Android has two built-in certificate stores (System Store and User Store) that track CA trusted by the operating system. The System Store is used to store the pre-installed CA,User Store to store the CA installed by the user. By default, a secure connection like TLS or HTTPS will trust the pre-installed system CA, while Android 6.0 (API Level23) and below will default to the CA added by new users.

What does that mean? If we add our own CA to User Store, we can try a man-in-the-middle attack on devices with Android version 6. 0 and below. If you are targeting a device that is older than Android 6.0, the certificate we added will not be trusted. To solve this problem, we can edit the application's Manifest file and force it to adapt to Android 6.0. The target API Level defines the 'platformBuildVersionCode' attribute (' manifest' element) in the AndroidManifest.xml file:

We're going to change 'platformBuildVersionCode=25'' to 23:

After repackaging, the application will trust the CA certificate added by the user.

Of course, if you want to run in a specific platform version, you can also define one in the'/ res/xml/network_security_config.xml' file of APK. For example, the following code defines a new trusted CA, which is stored in / res/raw/my_ca:

In this way, we can successfully complete the MitM.

Technology # 2-rewrite packaged CA certificates with custom CA certificates

If the first approach doesn't work, it may be because the developer limits the CA certificates that the application can trust. Remember when we used a custom one to provide the CA certificate path? Developers can also use this method to protect their applications from SSL interception attacks.

In this scenario, in order for our intercept certificate to be trusted, we need to extract the APK and rewrite the CA certificate provided by the application with our custom CA certificate.
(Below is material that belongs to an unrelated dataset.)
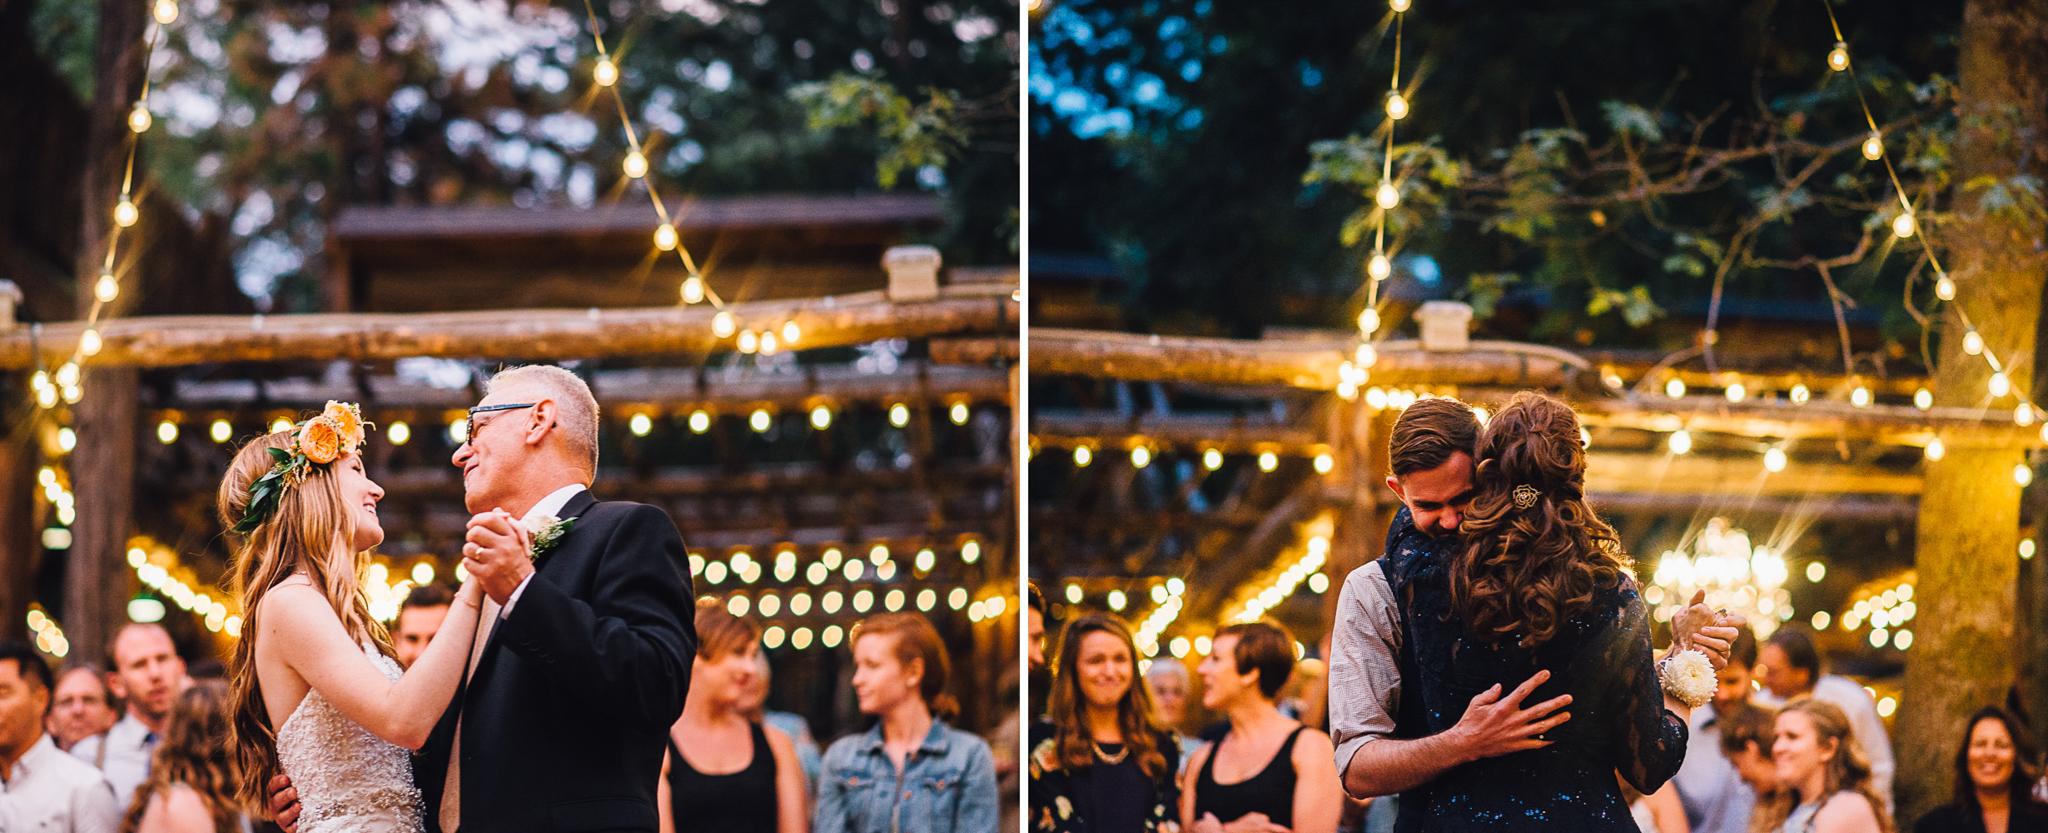 ©Isaiah & Taylor Photography - Pine Rose Cabin - Lake Arrowhead - Los Angeles Wedding Photographer-135.jpg
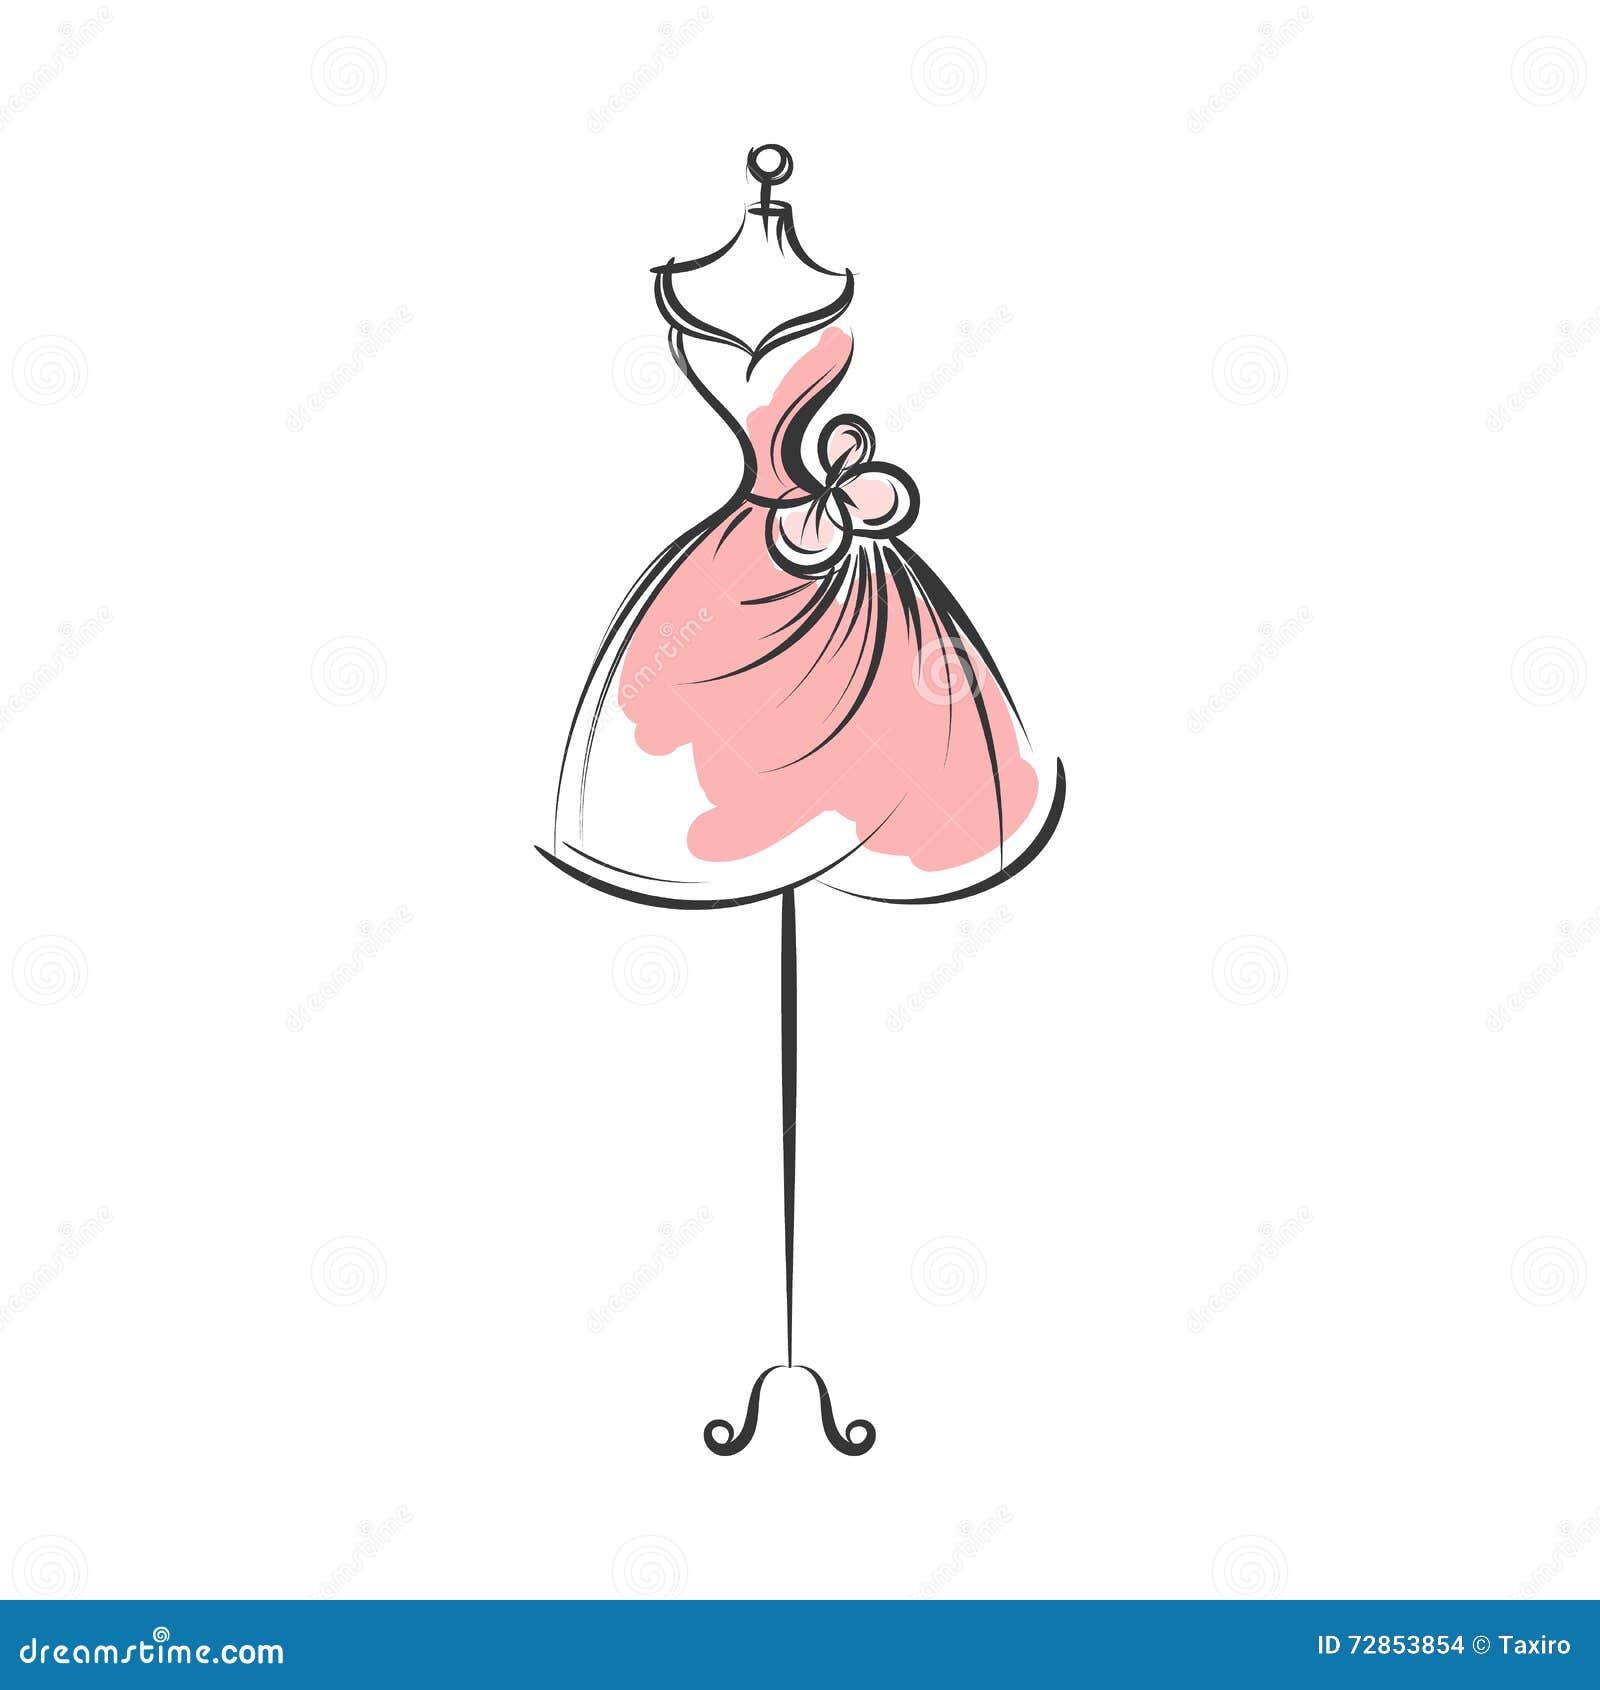 In Stock Weding Dreses 05 - In Stock Weding Dreses

It is important to note that this approach may require a series of validation.

Open the APK file using a tool such as APK Studio, and then find the certificate bundled with the application in the window. In the figure above, the certificate is located in the assets directory of the application. Next, overwrite the application's original CA ('UniversalRootCA' certificate) with our custom CA, so that the application can directly trust our certificate and intercept traffic.

Technology # 3-Frida Hook

If the installation of a custom CA is not successful, the application may be using some kind of SSL binding technology or additional SSL authentication. In general, in order to bypass this validation method, we need to set hooks on the application's code and the validation interface. This interface is generally used to limit root or jailbreak of mobile phones, but with the help of the Frida framework [tool download], we can dynamically analyze applications without root devices.

Frida can be run as a stand-alone application in the operating system, but this requires root of the device. To avoid root operations, we can inject Frida directly into the target APK. The Frida tool contains a dynamic library that allows the application to load Frida at run time and allows us to dynamically modify the code and instructions of the target application.

Next, we need to extract the APK file, inject the dynamic library, and then edit some smali code so that our code base is called first when the application starts. When you are done, repackage APK and install it. For the complete operation of the whole process, please refer to [this article].

In addition, we can also use the Objection tool [project address] to achieve our goals. Objection can automate the whole process. We only need to provide the path to the target APK on the command line, and Objection can help us complete all the code injection and modification operations.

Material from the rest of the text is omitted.